** WHAT YOU NEED TO DO **
For the material below, set down exactly the lines between the one containing "CC Cultural dialogue" and the last line, both included, leaving every picture out.

** PROVIDED DATA **
┄┄┄┄┄┄┄┄┄┄┄┄┄┄┄┄┄┄┄┄

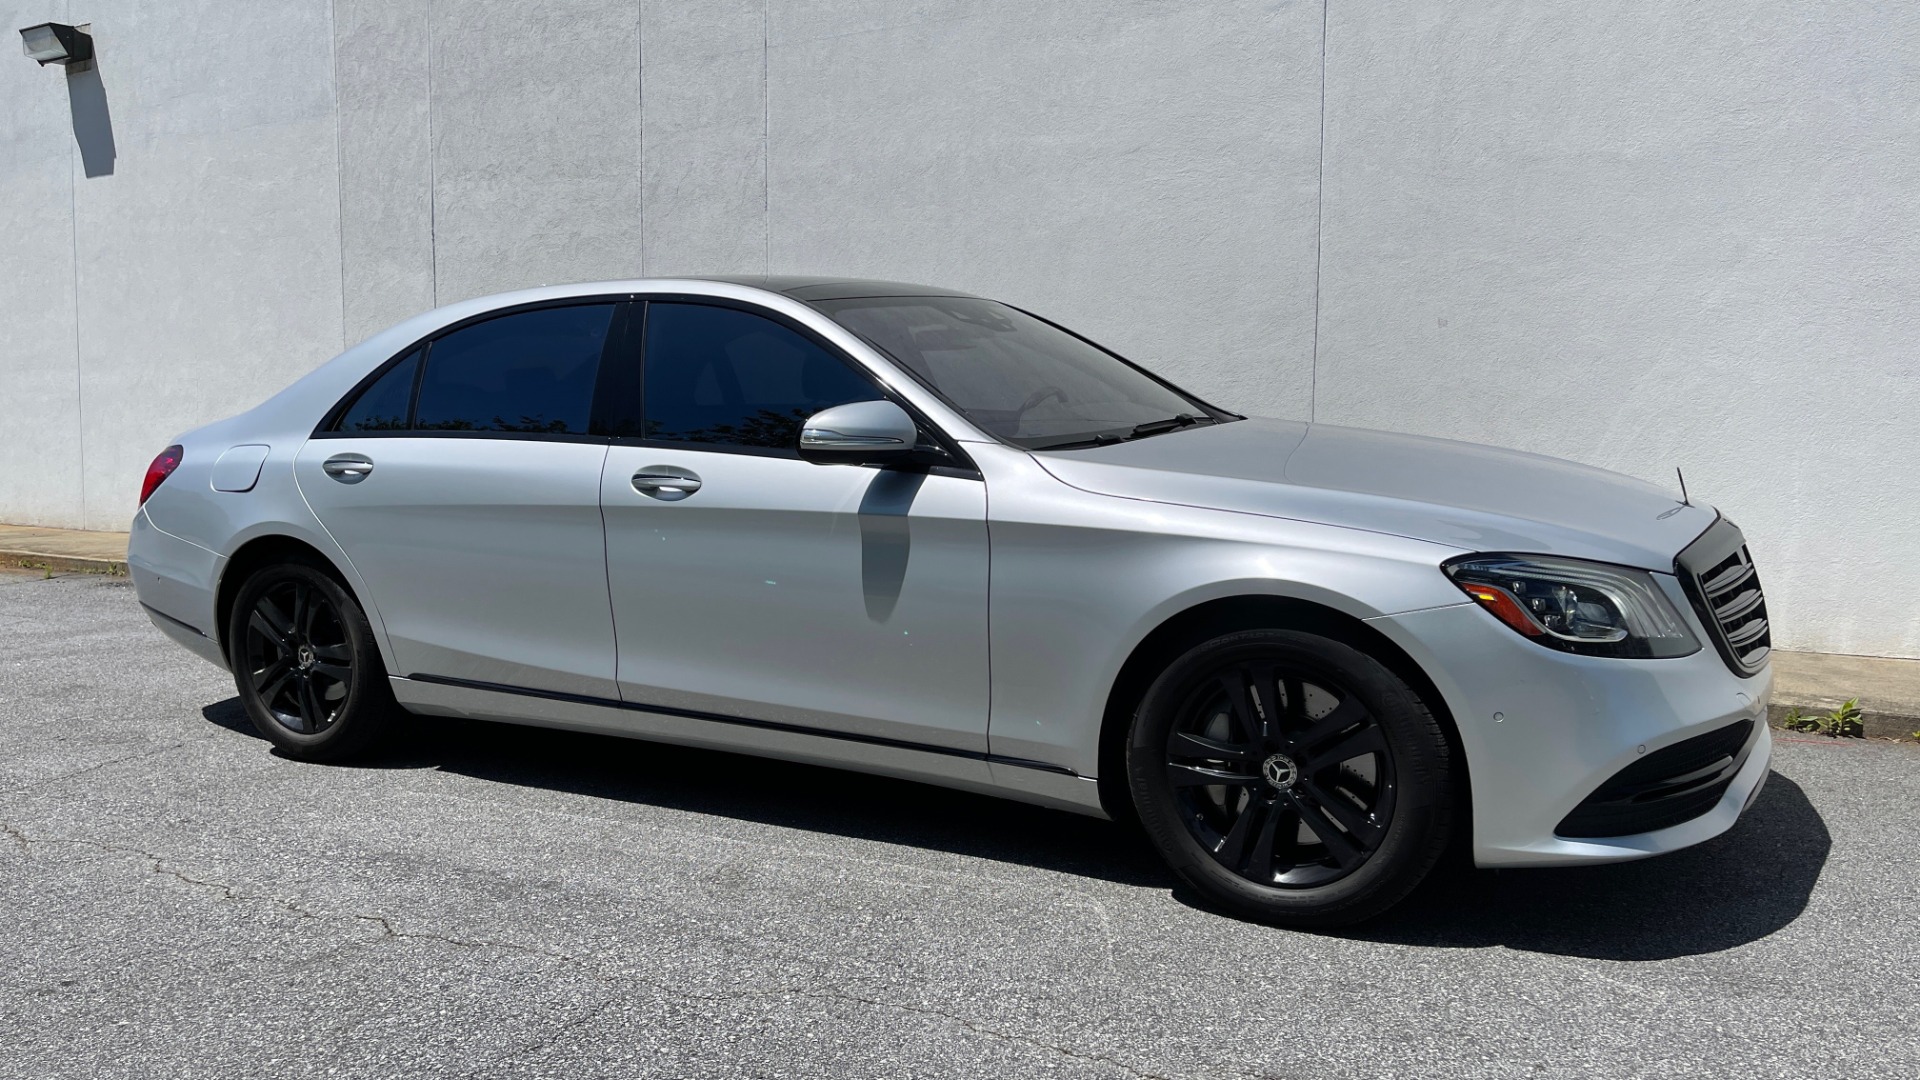 Used 2018 Mercedes-Benz S-CLASS S 450 3.0L SEDAN 362HP / PREMIUM / SUNROOF / SURROUND VIEW for sale $54,995 at Formula Imports in Charlotte NC 28227 7
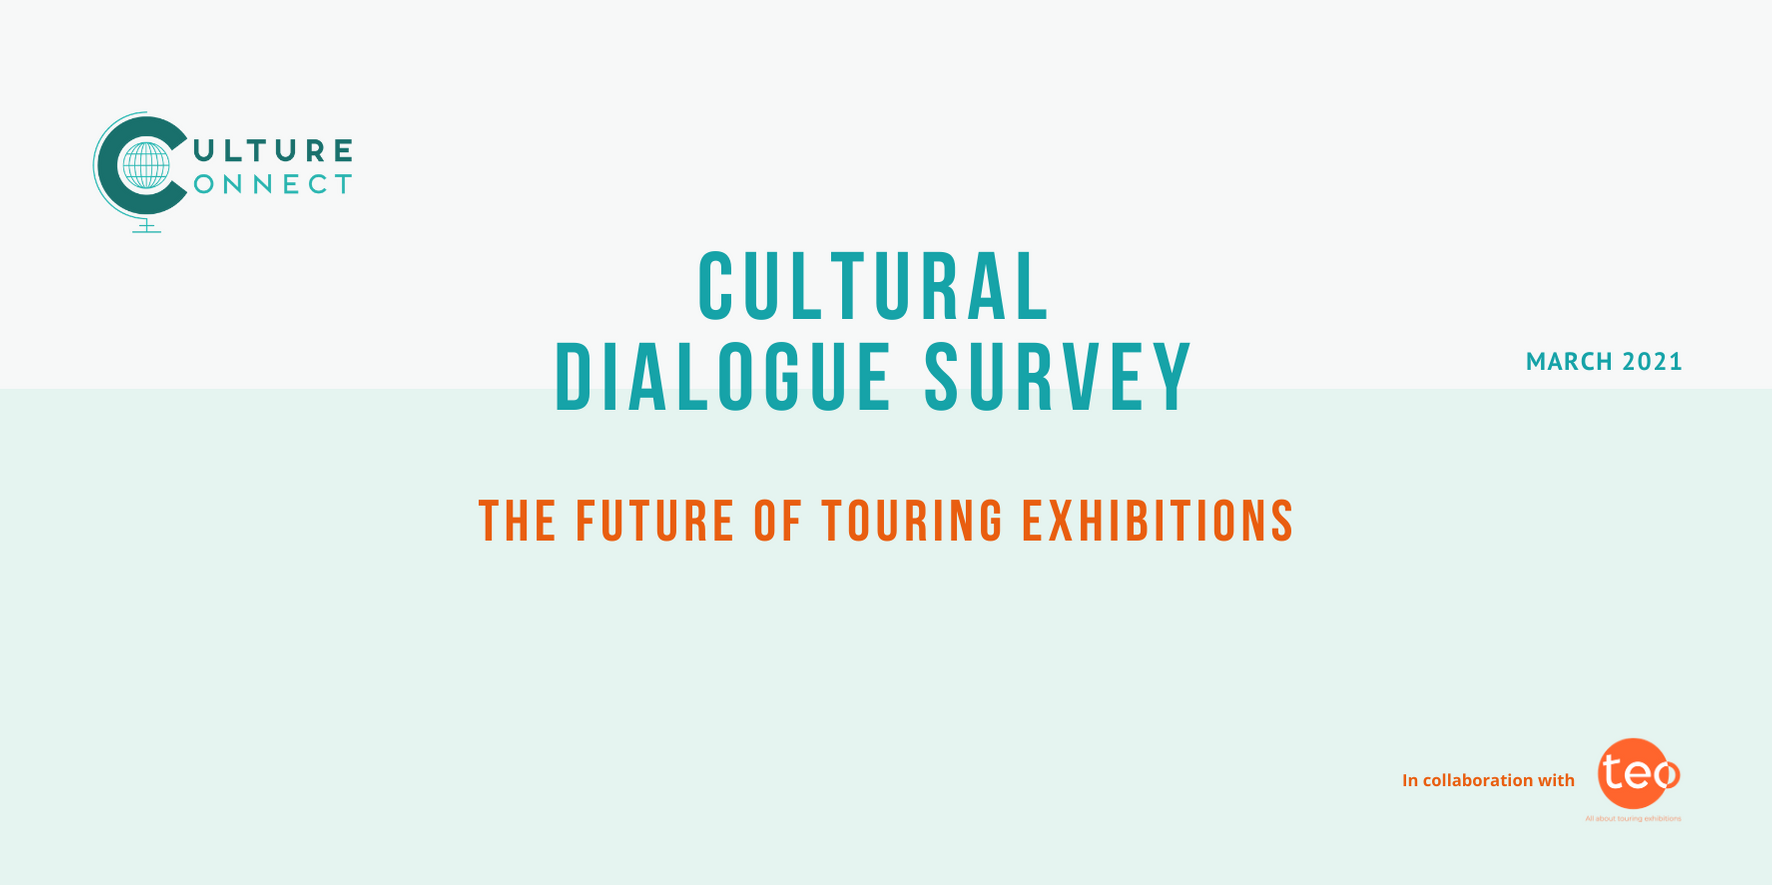 CC Cultural dialogue survey - Touring exhibitions - Image for Teo article
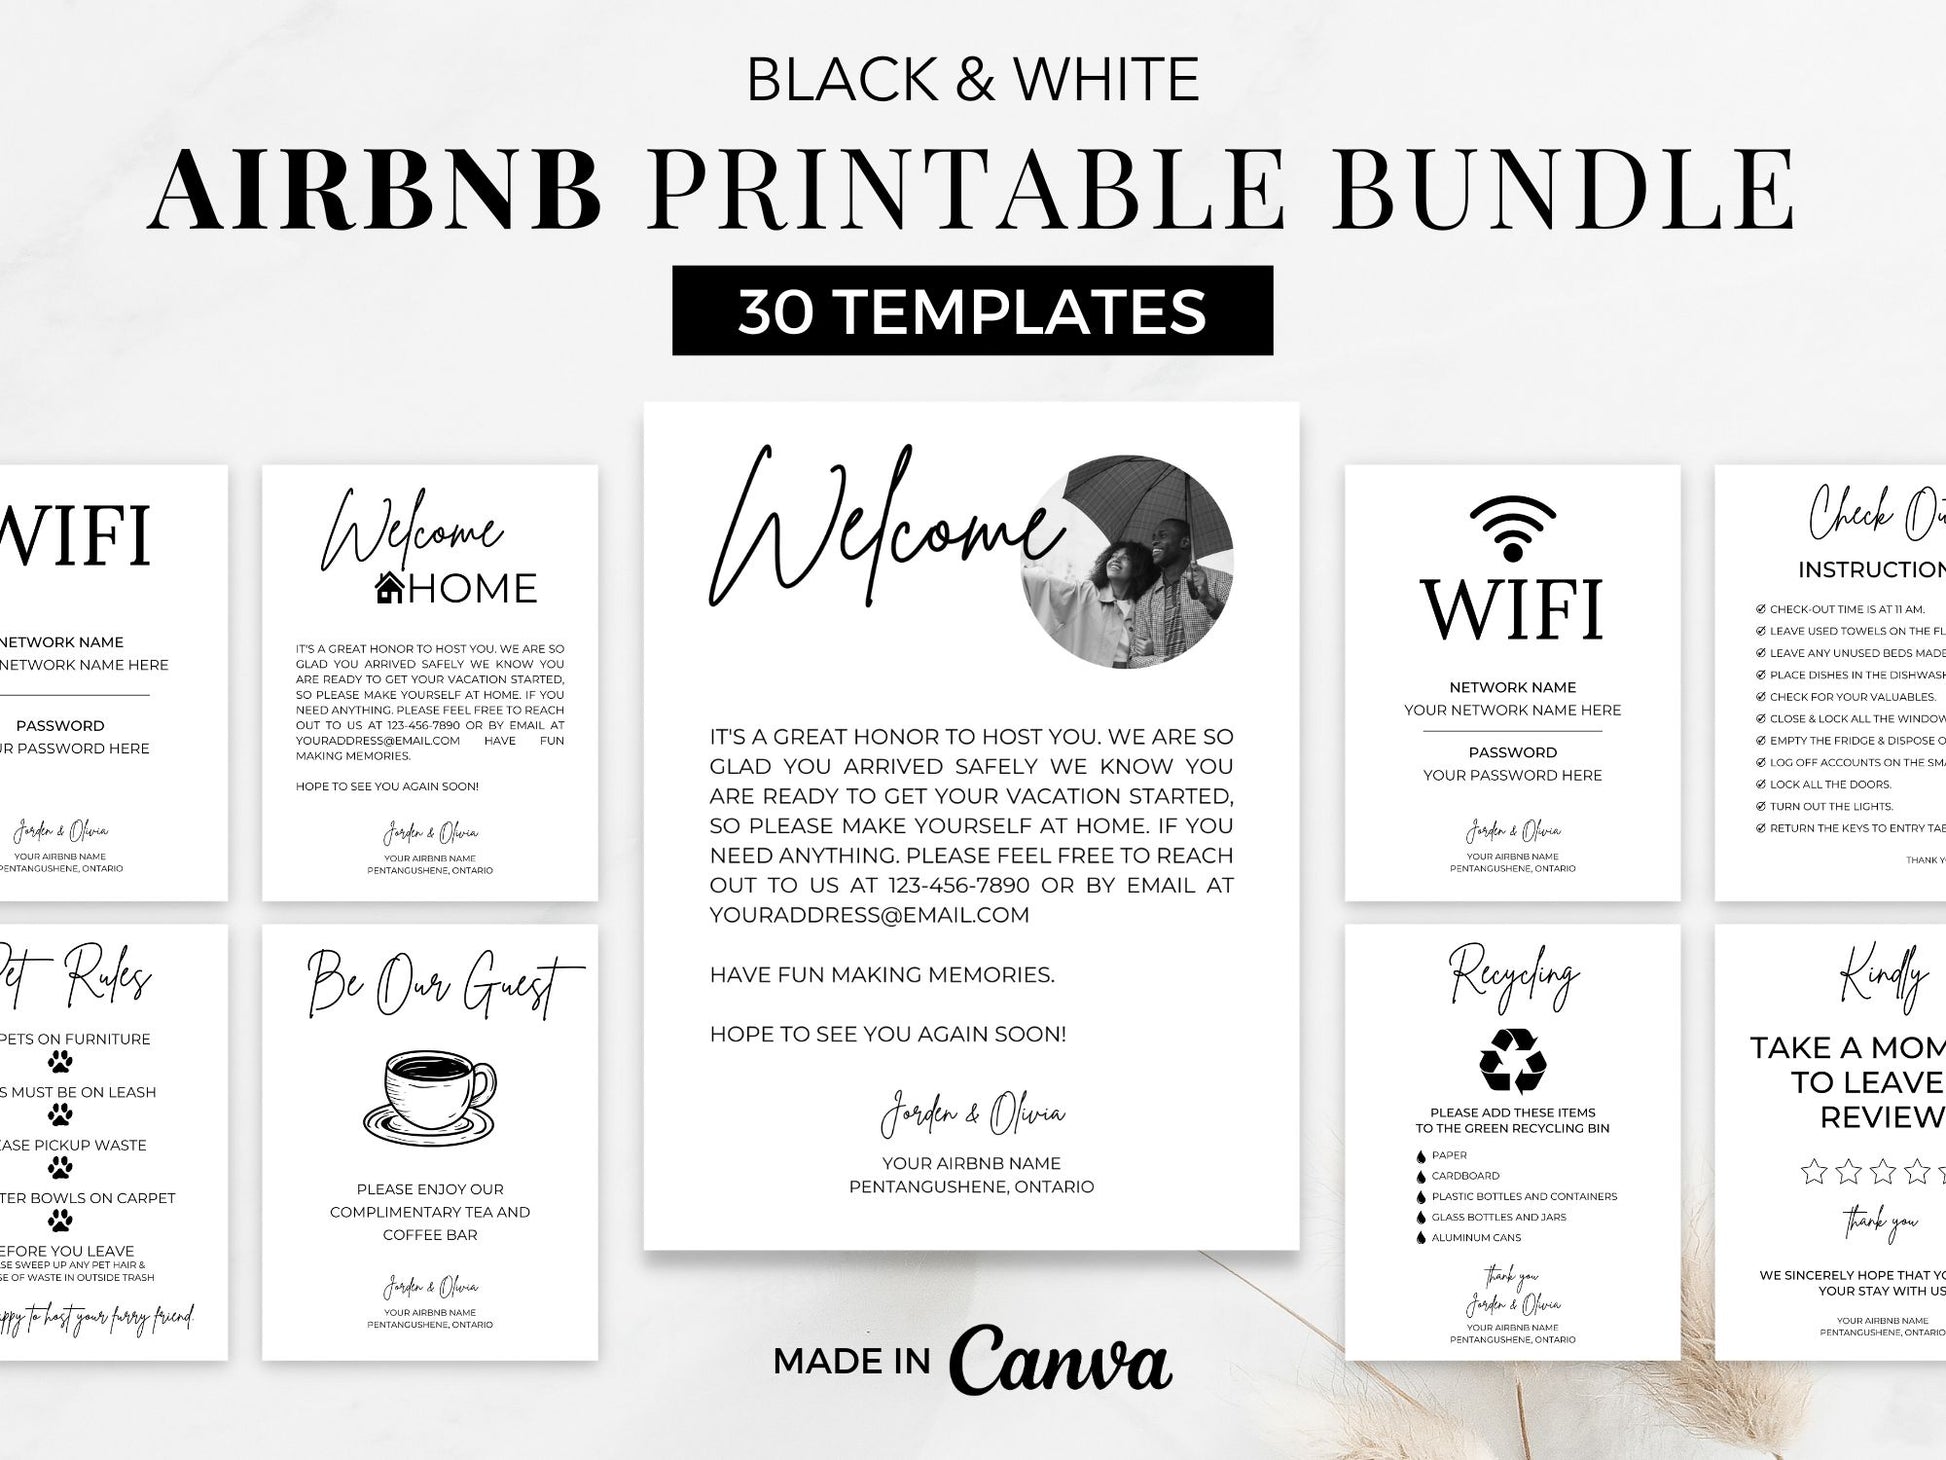 Black & White Airbnb Printable Bundle - Stylish and minimalist templates for seamless vacation rental management

┄┄┄┄┄┄┄┄┄┄┄┄┄┄┄┄┄┄┄┄

** TASK RESULT **
 CC Cultural dialogue survey - Touring exhibitions - Image for Teo article
 Black & White Airbnb Printable Bundle - Stylish and minimalist templates for seamless vacation rental management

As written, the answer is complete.